Nebraska is about aging, dignity and greed, but it excels most as a simply father/son story. Woody may be fading mentally, but during moments of lucidity he's able to answer David's questions about his marriage with directness and honesty. Why did he marry Kate? It seemed like the right thing to do. Why did he have children? He liked sex and figured David’s mother, a Catholic, was bound to conceive once or twice.

But Nebraska doesn't settle for being only about David's past hurts. We also learn about Woody's life as a child, when his brother died of scarlet fever at age 2 while sharing a bed with Woody, who was spared the disease. As for Woody's habit of giving his children sips of beer, it could be rooted in his own father's habit of doing the same thing to Woody when a boy.

Payne has been accused of looking down on his characters in films such as About Schmidt. That charge doesn't stick for the main characters in Nebraska, which is, if anything, compassionate in its depiction of an irascible, even unsympathetic protagonist and his long-suffering, salty-tongued wife. The smaller roles, which tend toward one-dimensional, aren't always as successful.

Although faith themes are not explicit in Nebraska, David’s efforts on behalf of his father can be seen as an effort to fulfill the fifth commandment. The story also shows how greed can fester in the heart (Proverbs 28:25, 1 Timothy 6:10, Hebrews 13:5). While Woody and Kate are blunt in their criticism of each other, their marriage has survived temptations that would sink other unions.

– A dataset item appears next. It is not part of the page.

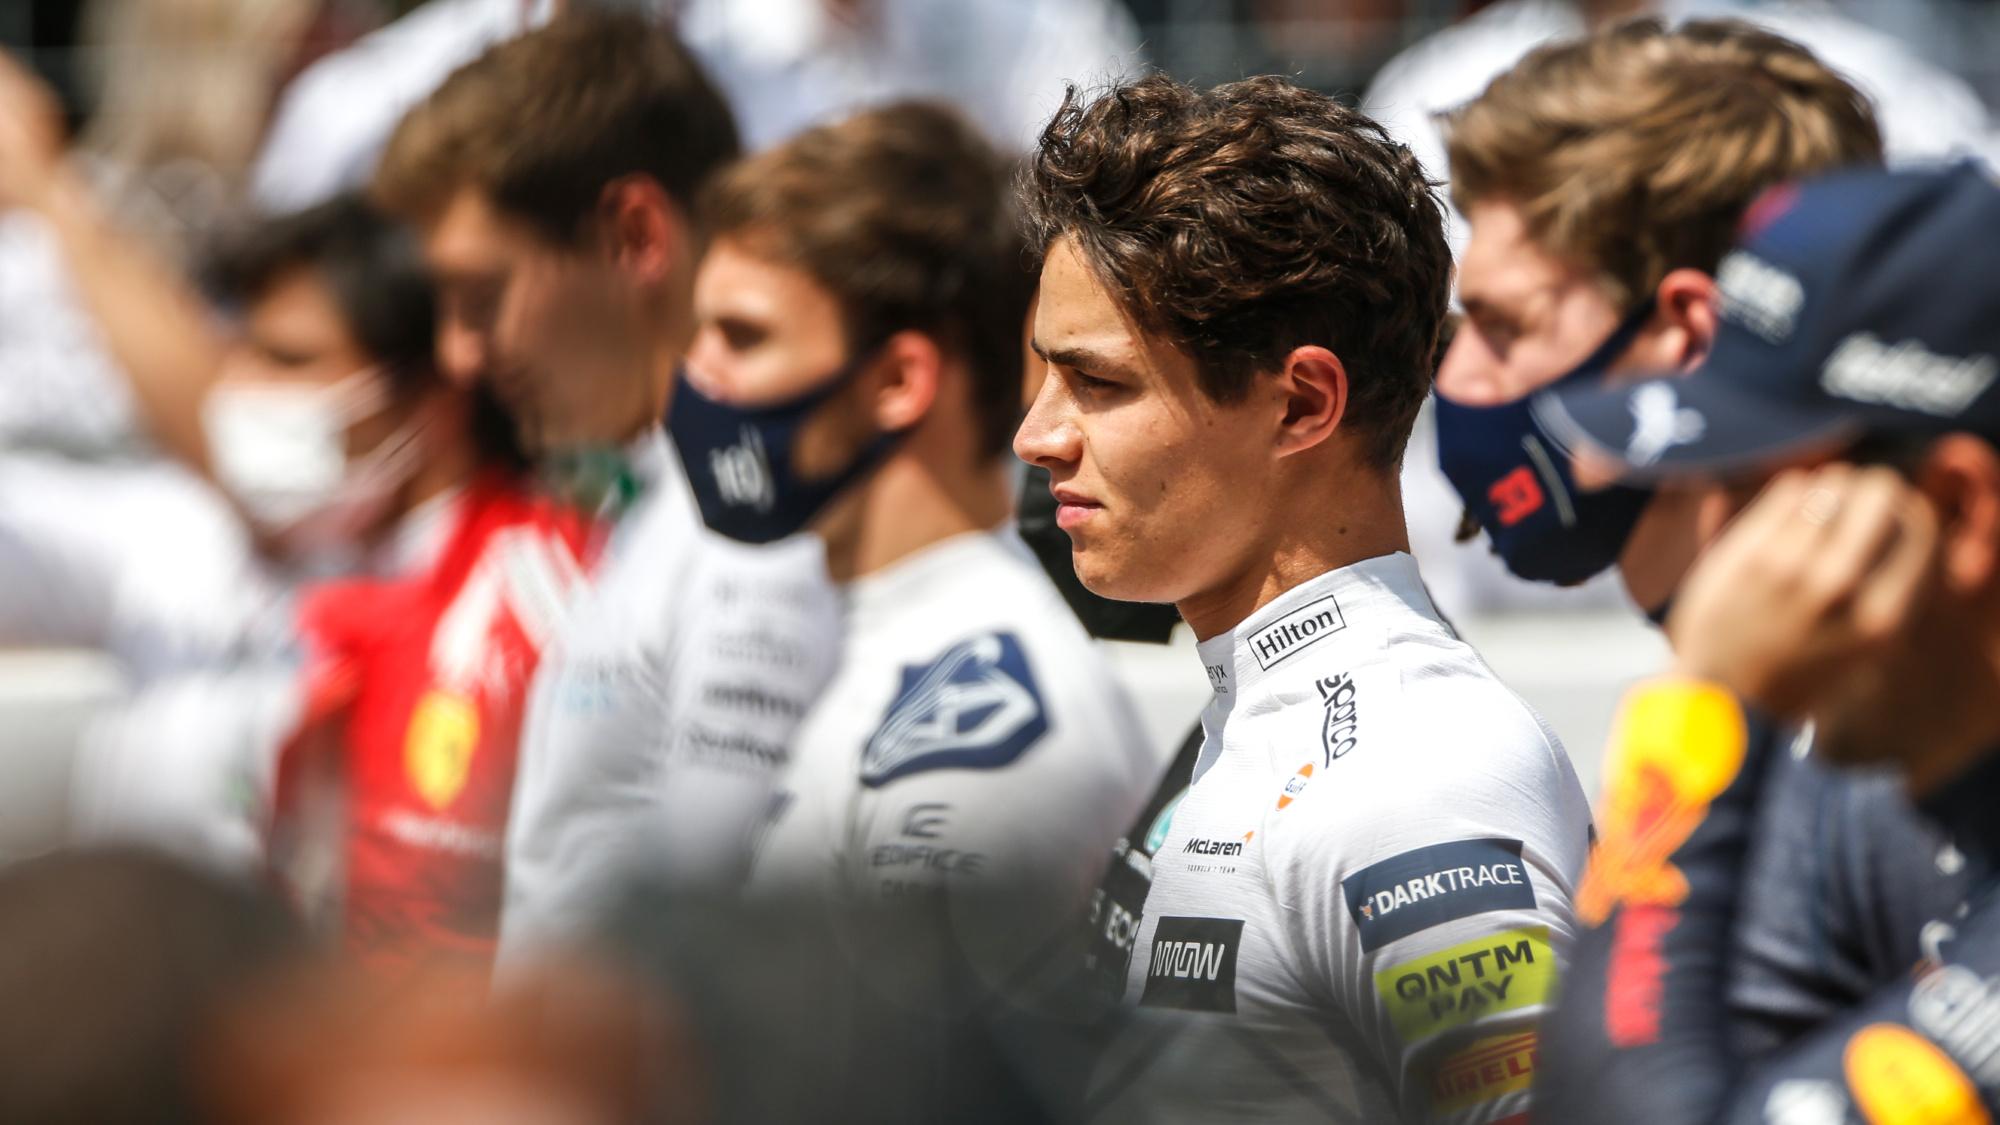 Lando Norris, 2021 Austrian GP
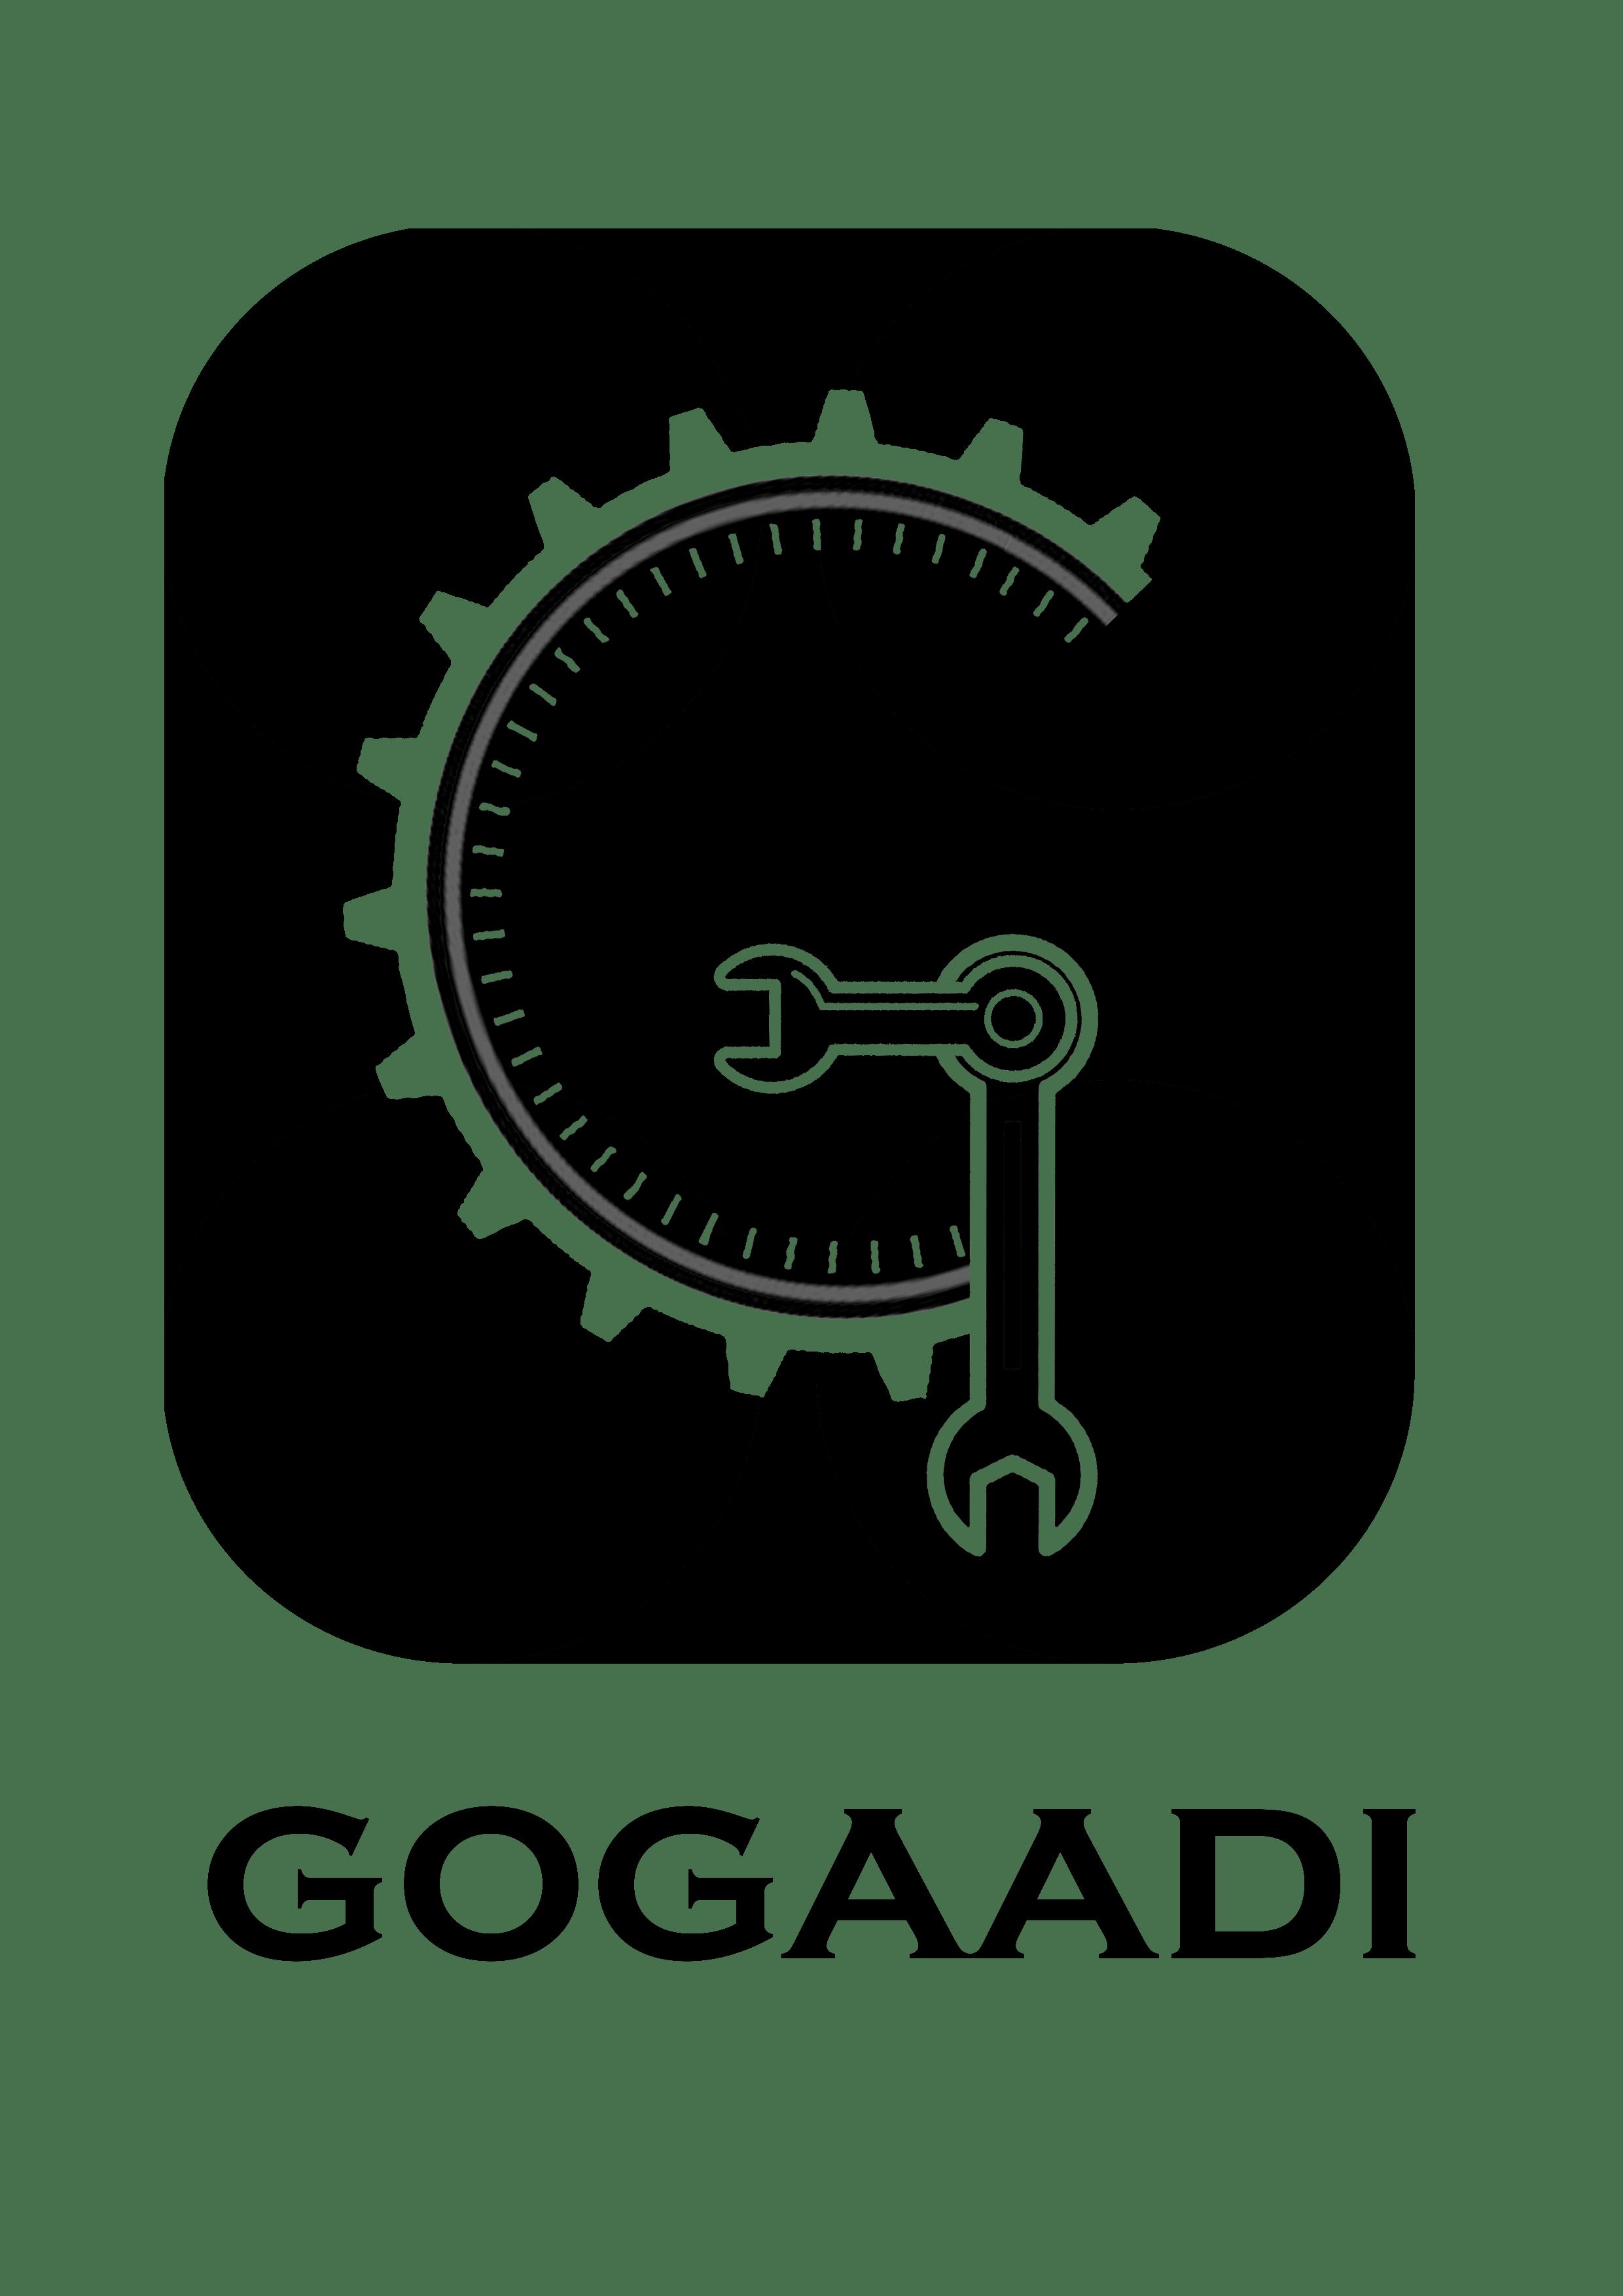 GoGaadi

Nebraska is a mostly warm, sometimes caustic look at the loss of cognitive and physical abilities as we age. But it also shows the importance of personal dignity in the face of personal challenges, and the crucial role of family in preserving health and some form of happiness. Beautifully filmed in black and white, Nebraska is one of the year's more colorful, life-affirming stories, and another triumph for Payne, who’s assembling a body of work for mature audiences that is second to none among American filmmakers.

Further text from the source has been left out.